Job efficiency
Job efficiency describes how well a job makes use of the available resources.
Efficiency can be viewed from the perspective of the time, that the resource is allocated, or the energy, that is consumed by the hardware during the job runtime, which usually depends on the first.
Therefore, job efficiency is tied to the application performance in that an increase in performance (and decrease in runtime) usually leads to a better efficiency (lower runtime and/or lower energy consumption).
This guideline discusses basics about efficiency measurement, how to spot and mitigate common job efficiency pitfalls and Performance Engineering.
Efficiency measurement
For job efficiency assessment, the utilization of the allocated hardware resources has to be measured. This can be done by performing Performance profiling or by accessing the cluster's Performance Monitoring. The measured Performance metrics give insight into the utilization of the allocated resources and possible deficiencies.
The runtime (or walltime) is easily measured as the time a job was executed from start to finish.
For the energy consumption measurement is more complicated.
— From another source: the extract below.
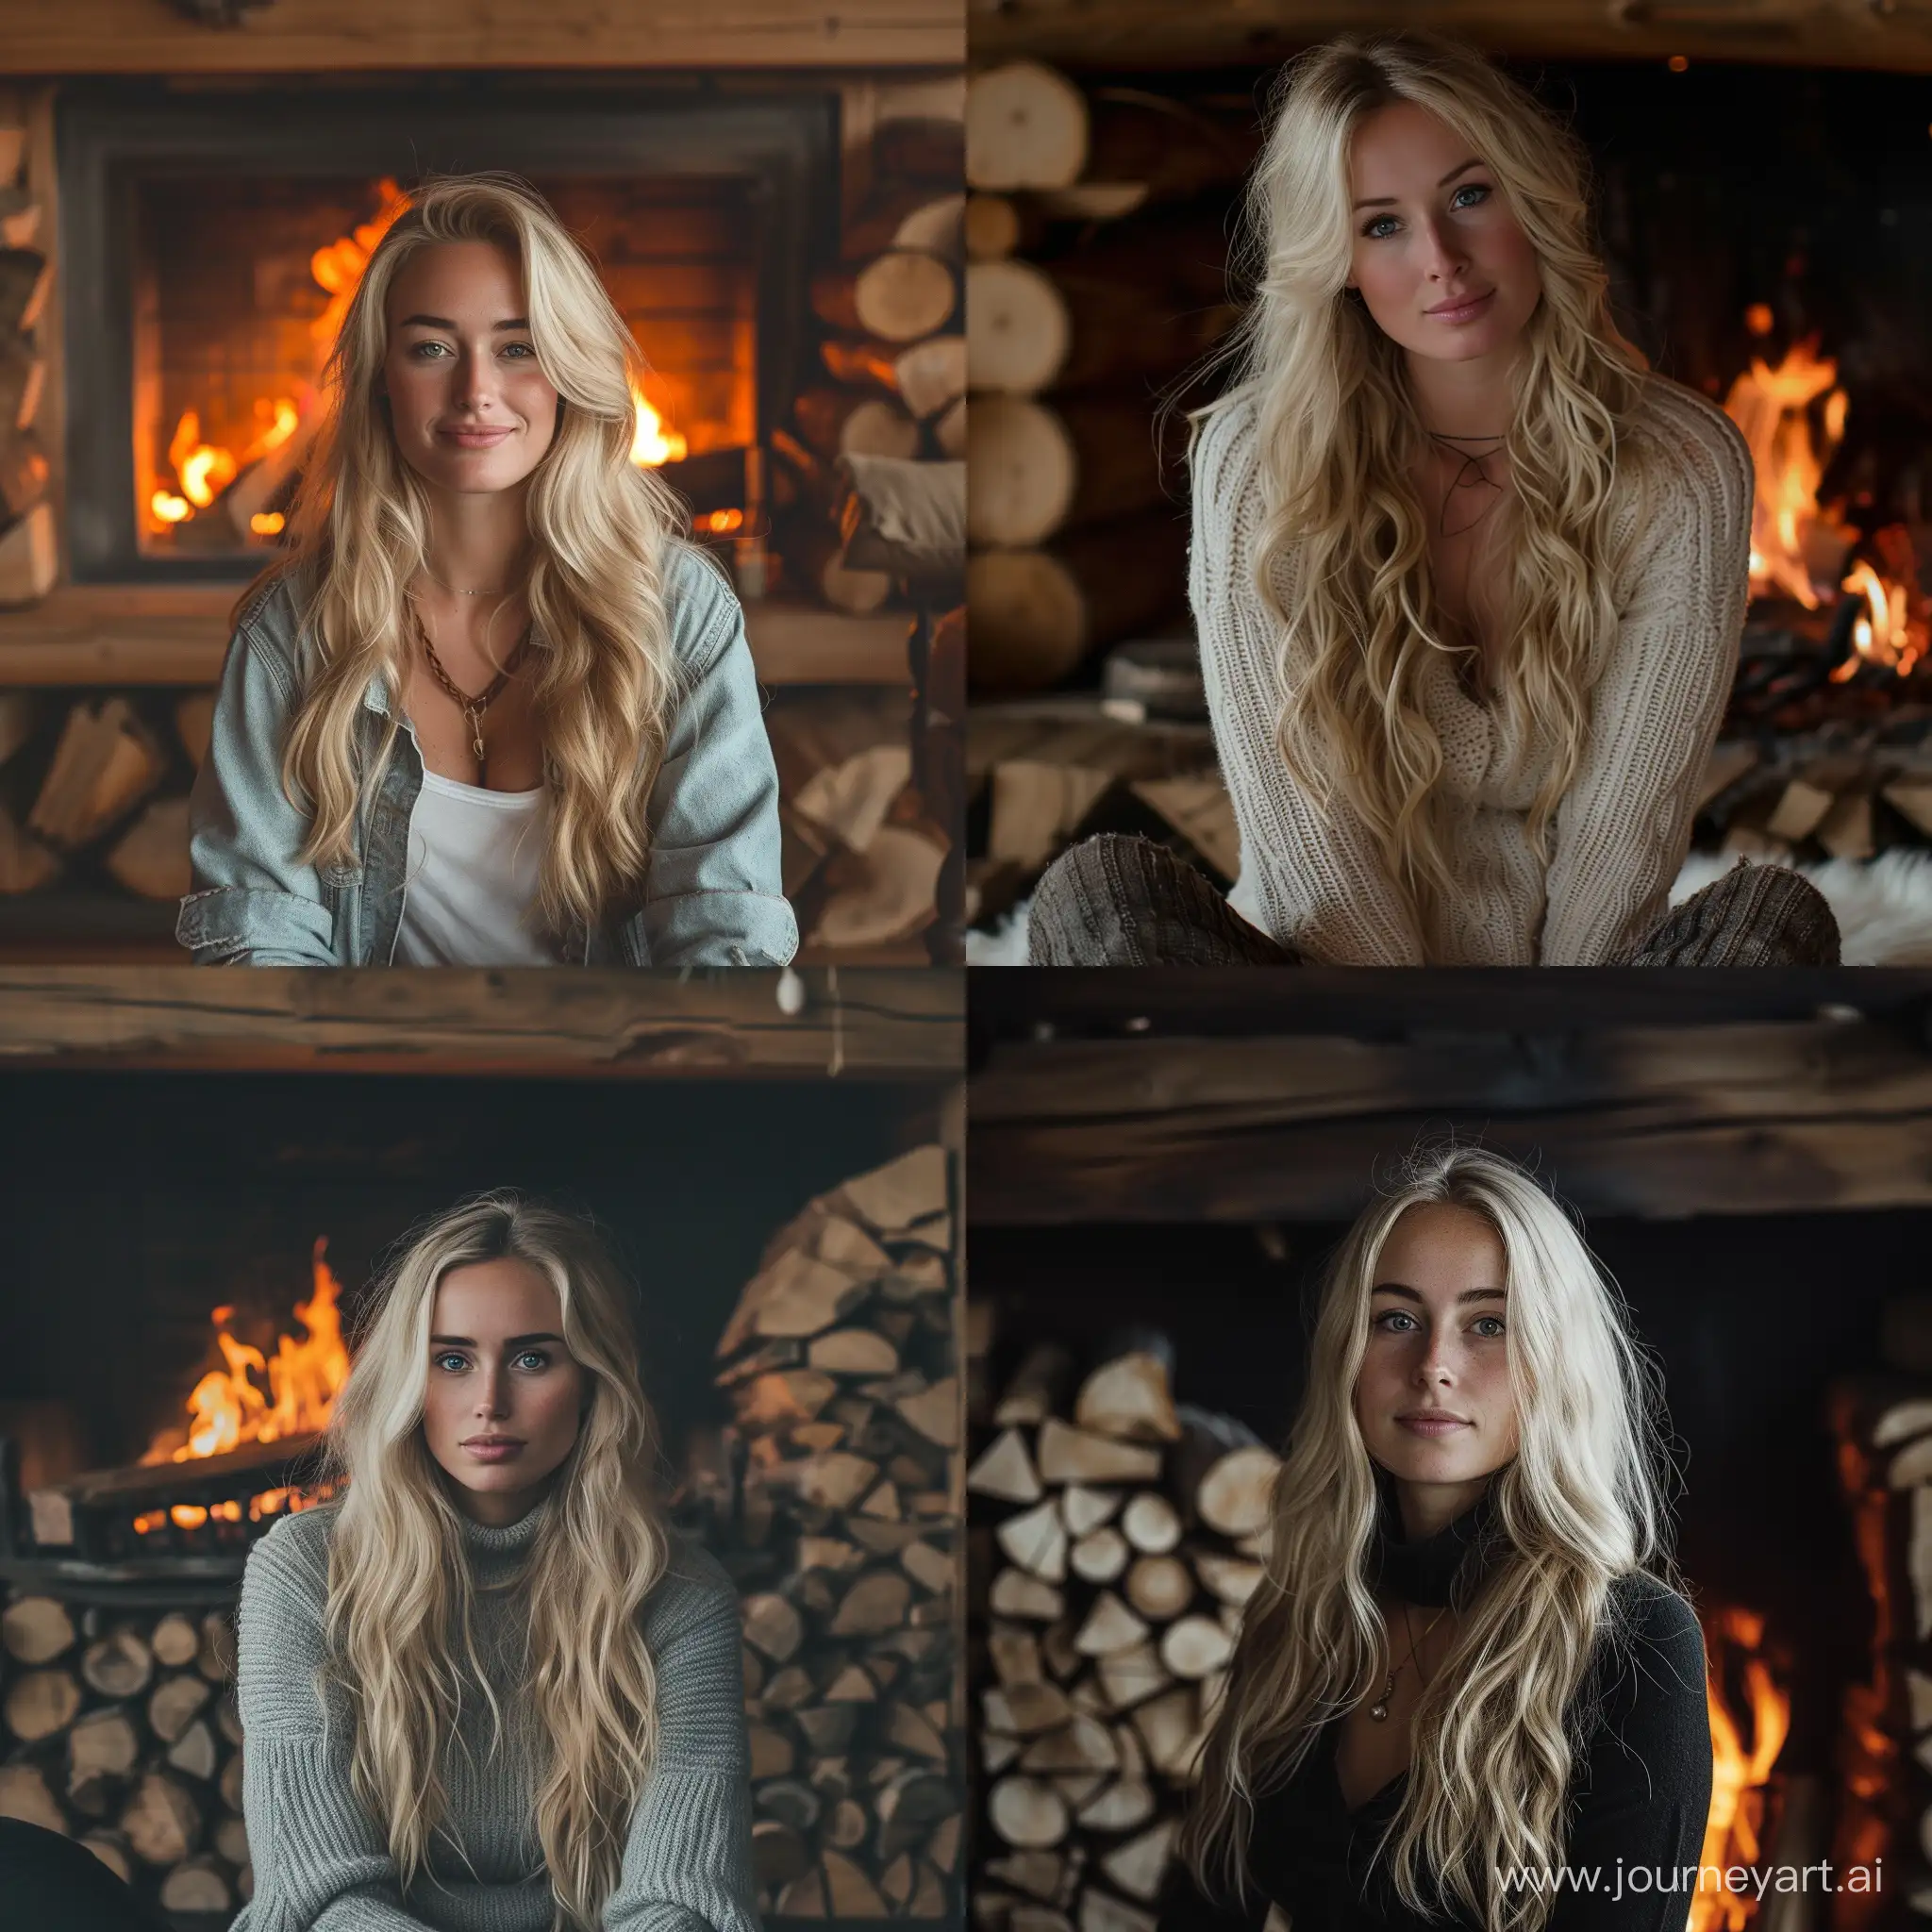 Elegant-Blonde-Woman-by-Fireplace-in-Rustic-Wood-Interior

For one, the energy consumption of the involved hardware has to be measured precisely, which the hardware has to support. On the other hand, it has to be decided which hardware (or percentage thereof) is involved in the execution of the job, which might be difficult for compute systems running shared jobs or resources, such as network hardware, used by many jobs.
For the interpretation of Performance metrics, it is necessary to understand the source of the measured value. Sampled values capture only a very reduced view on the complete system and may be subject to measurement artifacts. Therefore, one has to question the validity of the values and examine how they were produced by the system. Basic knowledge about the measured values includes the minimal and maximal possible values and what system behavior can produce such measurements. For example, how do measurements look like for an idling system and how do they look like for different kinds of synthetic benchmarks?
Common job efficiency pitfalls
The following pitfalls can be spotted using Performance Monitoring or Performance profiling. If Performance Monitoring is available, one can check the measured resource utilization for unexpected characteristics.
Resource oversubscription
Oversubscription of resources happens when the application's assignment of work to resources is flawed. For example, when there are more compute threads than CPU cores, then this leads to thread scheduling overhead and inefficient core utilization. Usually, this indicates a misconfiguration. Either, the application accidentally spawns more worker threads than intended or the job allocation includes too few CPU cores.
Check the following configurations:
- number of spawned worker threads per process (e.g. threads created by OpenMP, OpenBLAS, IntelMKL etc.)
- number of MPI processes
- process/thread Binding/Pinning configuration
The oversubscription example figure shows two jobs, with more threads than cores. The first job with 2 threads per core and the second one with 16 threads per core. Three metrics are shown: node-level CPU load, core-level CPU load and core-level CPU time. Note the ramp-up phase for the metrics. For the first job, the CPU time measurement shows 100% utilization, although the two threads are competing for the CPU core. For the second job, the CPU time measurement depicts degraded utilization, because of the thread scheduling overhead.
Resource underutilization
Resource underutilization can be simply spotted from measurements with low utilization. While this is not a performance issue per se, the unutilized resources can't be used by other users and are basically wasted.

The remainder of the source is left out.